Caring for myself is not selfish. It is the simple, ordinary love that keeps the rest of my life possible.

Have you been waiting for permission to receive the kind of care you would offer anyone else without a second thought? There is a quiet version of self-care that has nothing to do with bath bombs or expensive routines — nothing to do with earning, deserving, or proving. It is the simple, ordinary tenderness of meeting your own basic needs: eating, sleeping, drinking water, walking outside, asking for what you need. You are allowed that kind of tenderness.

If you have been taught that prioritizing yourself was selfish, especially if there are people who depend on you, that teaching is one of the things you get to gently set down. It came from a system that benefited when your needs came last. It is not the truth of who you are.

The truth is simpler than the teaching: you cannot pour from an empty cup. You cannot care for the people you love if you are collapsing. You cannot walk through what you are walking through if you are running on nothing.

Small acts of tenderness are not a reward. They are not something to be earned. They are not optional. They are the small, ordinary kindnesses that keep a human being alive and functioning.
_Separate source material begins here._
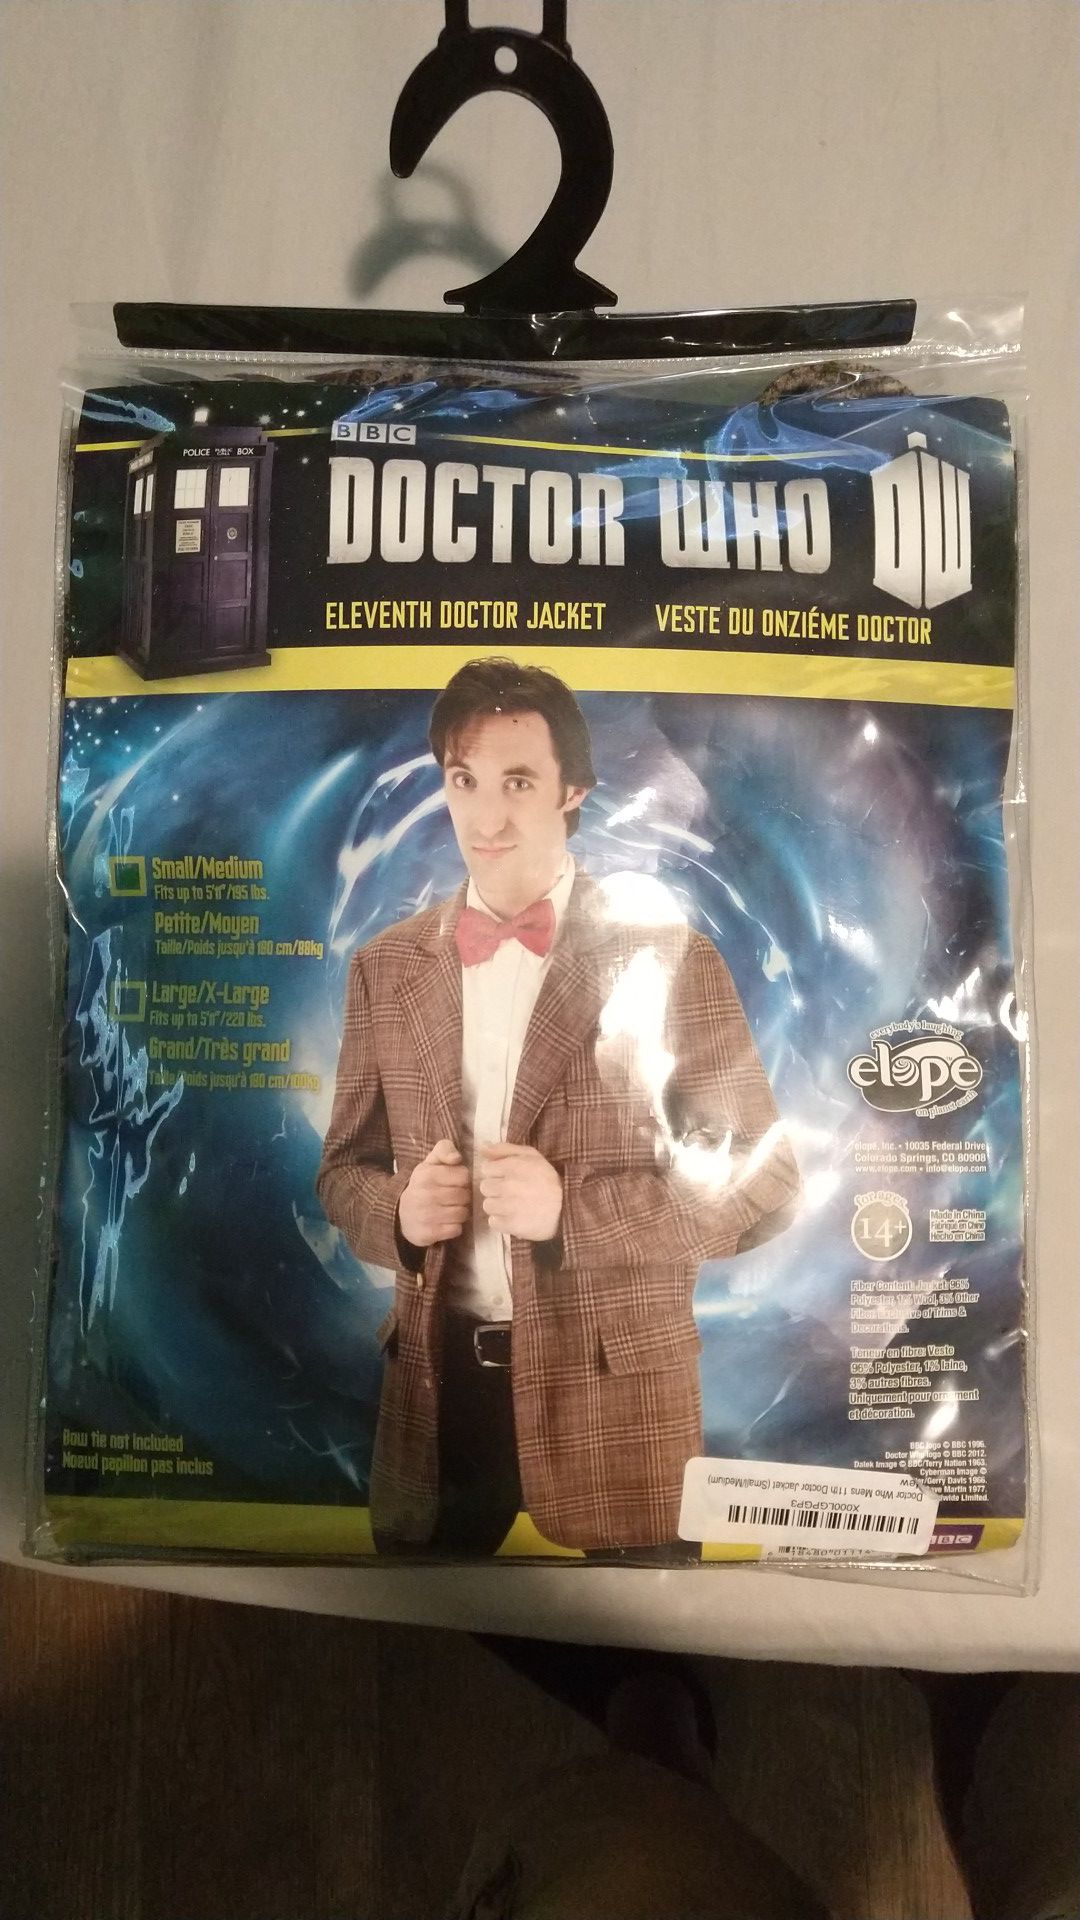 Elope doctor who 11th dr jacket costume

A glass of water. A piece of fruit. A few minutes outside. A hot shower. A patch of quiet. A short walk. A nap. A meal you actually sit down for.

These are not luxuries. They are the everyday medicine of being a person.

You are allowed to receive them. You are allowed to be the one who gives them to yourself — even on the days when the giving feels strange. The permission first. The small act second. The slow remembering that you, too, belong to the circle of those worth caring for.

Today's Truth · Day 71 of 365

Small acts of tenderness are the foundation everything else stands on.